» Problem details:
From the line that contains "Room 4, Apartments" through the line that contains "Eunorau 750 watt", output every line of the listing below exactly and leave out all the rest.

[Records for this task — start]

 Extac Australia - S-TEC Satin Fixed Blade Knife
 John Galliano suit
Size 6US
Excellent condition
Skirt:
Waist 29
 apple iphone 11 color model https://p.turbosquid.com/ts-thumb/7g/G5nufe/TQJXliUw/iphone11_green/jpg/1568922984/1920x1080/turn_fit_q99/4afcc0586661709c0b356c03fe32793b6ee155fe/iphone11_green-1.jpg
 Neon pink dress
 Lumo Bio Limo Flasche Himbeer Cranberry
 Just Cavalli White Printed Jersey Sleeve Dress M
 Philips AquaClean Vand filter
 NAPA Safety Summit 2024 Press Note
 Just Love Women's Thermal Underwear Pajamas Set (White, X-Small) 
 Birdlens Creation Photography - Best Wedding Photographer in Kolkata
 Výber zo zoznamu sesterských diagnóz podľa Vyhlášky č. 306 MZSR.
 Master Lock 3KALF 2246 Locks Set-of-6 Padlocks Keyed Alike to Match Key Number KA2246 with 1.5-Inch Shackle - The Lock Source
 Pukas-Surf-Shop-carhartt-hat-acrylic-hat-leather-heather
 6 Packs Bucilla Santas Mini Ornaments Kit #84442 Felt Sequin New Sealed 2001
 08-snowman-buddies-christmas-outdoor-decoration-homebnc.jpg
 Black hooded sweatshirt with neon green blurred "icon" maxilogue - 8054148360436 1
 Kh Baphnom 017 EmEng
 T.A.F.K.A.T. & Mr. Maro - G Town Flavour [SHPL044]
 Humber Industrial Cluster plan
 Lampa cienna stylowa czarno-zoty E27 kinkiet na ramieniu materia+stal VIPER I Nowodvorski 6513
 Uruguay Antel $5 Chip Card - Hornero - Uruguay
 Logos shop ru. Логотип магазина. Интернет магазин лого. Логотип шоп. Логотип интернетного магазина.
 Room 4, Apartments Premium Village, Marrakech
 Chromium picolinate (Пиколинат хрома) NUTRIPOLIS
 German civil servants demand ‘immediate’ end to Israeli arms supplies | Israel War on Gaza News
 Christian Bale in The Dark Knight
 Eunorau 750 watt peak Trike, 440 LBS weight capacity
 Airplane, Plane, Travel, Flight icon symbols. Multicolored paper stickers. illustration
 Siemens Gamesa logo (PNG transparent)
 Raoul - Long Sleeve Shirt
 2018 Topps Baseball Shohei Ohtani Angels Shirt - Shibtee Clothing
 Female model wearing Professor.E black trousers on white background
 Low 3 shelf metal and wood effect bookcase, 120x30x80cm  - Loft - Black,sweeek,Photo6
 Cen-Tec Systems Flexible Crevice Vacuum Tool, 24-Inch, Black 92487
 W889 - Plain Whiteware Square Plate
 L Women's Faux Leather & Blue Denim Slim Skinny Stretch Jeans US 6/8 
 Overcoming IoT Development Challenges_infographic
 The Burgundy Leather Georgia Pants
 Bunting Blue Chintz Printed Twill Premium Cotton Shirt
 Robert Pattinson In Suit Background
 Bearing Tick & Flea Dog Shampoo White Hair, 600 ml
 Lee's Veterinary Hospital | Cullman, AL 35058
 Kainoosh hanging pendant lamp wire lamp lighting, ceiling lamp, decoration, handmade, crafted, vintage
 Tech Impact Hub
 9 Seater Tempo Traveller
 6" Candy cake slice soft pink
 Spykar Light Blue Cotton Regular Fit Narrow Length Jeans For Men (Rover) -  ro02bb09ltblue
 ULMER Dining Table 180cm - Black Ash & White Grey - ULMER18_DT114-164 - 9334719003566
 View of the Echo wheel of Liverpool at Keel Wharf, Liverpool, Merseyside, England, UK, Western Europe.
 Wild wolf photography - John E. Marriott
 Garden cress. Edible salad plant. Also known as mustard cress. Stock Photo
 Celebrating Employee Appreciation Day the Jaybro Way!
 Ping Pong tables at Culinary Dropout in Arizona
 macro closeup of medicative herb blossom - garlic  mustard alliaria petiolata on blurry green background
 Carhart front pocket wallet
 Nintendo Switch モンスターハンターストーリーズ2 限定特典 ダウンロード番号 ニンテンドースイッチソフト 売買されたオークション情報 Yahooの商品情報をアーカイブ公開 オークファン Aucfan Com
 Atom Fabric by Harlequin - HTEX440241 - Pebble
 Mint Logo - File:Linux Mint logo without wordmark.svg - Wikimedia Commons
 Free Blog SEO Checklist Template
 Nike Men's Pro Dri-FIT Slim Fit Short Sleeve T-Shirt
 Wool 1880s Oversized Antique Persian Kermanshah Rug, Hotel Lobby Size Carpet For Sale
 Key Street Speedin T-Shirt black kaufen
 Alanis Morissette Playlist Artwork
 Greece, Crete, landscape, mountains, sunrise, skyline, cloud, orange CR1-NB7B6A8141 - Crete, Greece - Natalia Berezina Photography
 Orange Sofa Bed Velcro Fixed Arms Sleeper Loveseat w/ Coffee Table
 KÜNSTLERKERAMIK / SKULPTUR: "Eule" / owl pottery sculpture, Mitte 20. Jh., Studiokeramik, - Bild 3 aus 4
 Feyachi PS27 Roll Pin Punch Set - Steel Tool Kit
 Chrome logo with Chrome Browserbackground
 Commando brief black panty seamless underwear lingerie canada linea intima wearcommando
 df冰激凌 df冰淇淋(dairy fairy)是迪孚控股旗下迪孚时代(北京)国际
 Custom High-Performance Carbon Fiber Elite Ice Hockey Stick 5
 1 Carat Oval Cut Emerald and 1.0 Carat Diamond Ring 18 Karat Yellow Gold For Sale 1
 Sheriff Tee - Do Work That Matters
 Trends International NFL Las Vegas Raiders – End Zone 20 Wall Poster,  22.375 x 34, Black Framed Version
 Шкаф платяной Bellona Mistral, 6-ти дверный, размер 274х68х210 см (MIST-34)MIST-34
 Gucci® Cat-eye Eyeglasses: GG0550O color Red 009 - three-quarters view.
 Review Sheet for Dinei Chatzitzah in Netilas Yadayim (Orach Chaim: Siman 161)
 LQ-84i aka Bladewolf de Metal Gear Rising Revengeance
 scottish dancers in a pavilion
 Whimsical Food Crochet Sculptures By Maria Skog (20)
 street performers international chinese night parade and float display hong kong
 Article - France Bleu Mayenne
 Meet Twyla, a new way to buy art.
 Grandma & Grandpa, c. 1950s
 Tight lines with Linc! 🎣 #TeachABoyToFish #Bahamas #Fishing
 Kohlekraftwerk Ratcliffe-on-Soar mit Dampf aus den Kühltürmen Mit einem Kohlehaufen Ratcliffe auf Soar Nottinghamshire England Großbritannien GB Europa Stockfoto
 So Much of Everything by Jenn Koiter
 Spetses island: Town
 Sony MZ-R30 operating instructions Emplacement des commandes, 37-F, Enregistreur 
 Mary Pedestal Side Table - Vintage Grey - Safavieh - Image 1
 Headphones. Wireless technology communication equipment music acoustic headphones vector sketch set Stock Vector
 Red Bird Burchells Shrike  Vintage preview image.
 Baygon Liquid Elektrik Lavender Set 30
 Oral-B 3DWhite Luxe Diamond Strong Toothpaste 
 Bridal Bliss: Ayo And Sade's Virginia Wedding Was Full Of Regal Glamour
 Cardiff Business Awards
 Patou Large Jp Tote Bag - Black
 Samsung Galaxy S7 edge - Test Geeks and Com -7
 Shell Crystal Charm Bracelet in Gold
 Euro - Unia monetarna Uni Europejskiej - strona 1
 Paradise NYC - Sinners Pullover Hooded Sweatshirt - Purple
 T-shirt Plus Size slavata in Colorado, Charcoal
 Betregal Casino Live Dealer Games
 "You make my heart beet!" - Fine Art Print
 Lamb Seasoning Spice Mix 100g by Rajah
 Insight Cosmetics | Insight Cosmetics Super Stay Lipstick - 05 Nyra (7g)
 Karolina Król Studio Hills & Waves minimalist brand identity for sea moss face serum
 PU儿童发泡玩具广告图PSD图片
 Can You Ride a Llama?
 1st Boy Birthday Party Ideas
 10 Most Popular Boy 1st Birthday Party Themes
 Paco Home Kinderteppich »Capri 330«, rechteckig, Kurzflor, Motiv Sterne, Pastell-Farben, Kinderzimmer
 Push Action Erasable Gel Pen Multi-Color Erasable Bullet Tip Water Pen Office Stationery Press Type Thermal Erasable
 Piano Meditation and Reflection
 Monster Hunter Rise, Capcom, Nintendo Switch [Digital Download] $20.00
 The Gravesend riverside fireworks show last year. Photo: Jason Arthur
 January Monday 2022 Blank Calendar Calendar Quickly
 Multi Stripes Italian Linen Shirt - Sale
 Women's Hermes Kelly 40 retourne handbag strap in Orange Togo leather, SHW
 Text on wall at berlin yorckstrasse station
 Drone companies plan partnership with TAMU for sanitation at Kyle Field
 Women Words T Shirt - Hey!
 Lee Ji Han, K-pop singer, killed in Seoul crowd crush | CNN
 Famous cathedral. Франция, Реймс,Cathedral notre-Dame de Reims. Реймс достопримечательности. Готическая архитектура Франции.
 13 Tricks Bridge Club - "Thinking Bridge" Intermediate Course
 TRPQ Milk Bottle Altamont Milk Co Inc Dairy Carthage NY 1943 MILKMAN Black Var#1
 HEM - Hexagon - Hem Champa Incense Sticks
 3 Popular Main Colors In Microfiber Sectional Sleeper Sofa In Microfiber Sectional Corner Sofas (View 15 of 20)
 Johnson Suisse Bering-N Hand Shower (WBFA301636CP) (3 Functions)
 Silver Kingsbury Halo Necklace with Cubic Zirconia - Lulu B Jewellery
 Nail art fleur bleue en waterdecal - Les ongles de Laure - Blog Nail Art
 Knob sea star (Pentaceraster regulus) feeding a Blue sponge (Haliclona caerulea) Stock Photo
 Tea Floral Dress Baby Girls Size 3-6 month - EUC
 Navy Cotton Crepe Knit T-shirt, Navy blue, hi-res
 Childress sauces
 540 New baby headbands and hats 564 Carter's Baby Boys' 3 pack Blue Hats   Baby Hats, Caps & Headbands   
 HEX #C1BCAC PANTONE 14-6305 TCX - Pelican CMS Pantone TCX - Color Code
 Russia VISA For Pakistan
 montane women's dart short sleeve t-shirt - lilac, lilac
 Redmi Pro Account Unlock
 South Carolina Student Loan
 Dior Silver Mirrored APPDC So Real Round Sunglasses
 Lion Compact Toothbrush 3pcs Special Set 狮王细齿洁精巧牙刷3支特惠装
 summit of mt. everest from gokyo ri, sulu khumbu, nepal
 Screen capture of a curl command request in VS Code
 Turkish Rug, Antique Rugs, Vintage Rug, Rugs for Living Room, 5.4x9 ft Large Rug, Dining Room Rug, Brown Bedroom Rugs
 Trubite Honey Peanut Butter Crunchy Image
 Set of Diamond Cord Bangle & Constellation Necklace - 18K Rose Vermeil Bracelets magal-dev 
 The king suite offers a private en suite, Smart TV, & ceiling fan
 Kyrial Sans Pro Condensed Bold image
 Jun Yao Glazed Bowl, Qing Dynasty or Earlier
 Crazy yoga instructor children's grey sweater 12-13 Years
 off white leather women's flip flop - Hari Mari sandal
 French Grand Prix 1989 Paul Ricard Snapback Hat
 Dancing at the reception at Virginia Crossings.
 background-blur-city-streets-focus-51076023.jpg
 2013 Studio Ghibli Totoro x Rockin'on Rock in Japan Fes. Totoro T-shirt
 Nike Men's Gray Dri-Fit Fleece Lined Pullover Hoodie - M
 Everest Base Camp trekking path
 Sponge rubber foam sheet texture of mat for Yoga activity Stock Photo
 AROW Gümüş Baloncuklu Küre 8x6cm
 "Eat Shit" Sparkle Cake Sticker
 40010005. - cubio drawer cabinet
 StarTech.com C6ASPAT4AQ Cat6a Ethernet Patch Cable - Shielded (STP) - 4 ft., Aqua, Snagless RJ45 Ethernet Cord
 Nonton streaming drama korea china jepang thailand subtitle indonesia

[Records for this task — finish]

» Exercise answer:
 Room 4, Apartments Premium Village, Marrakech
 Chromium picolinate (Пиколинат хрома) NUTRIPOLIS
 German civil servants demand ‘immediate’ end to Israeli arms supplies | Israel War on Gaza News
 Christian Bale in The Dark Knight
 Eunorau 750 watt peak Trike, 440 LBS weight capacity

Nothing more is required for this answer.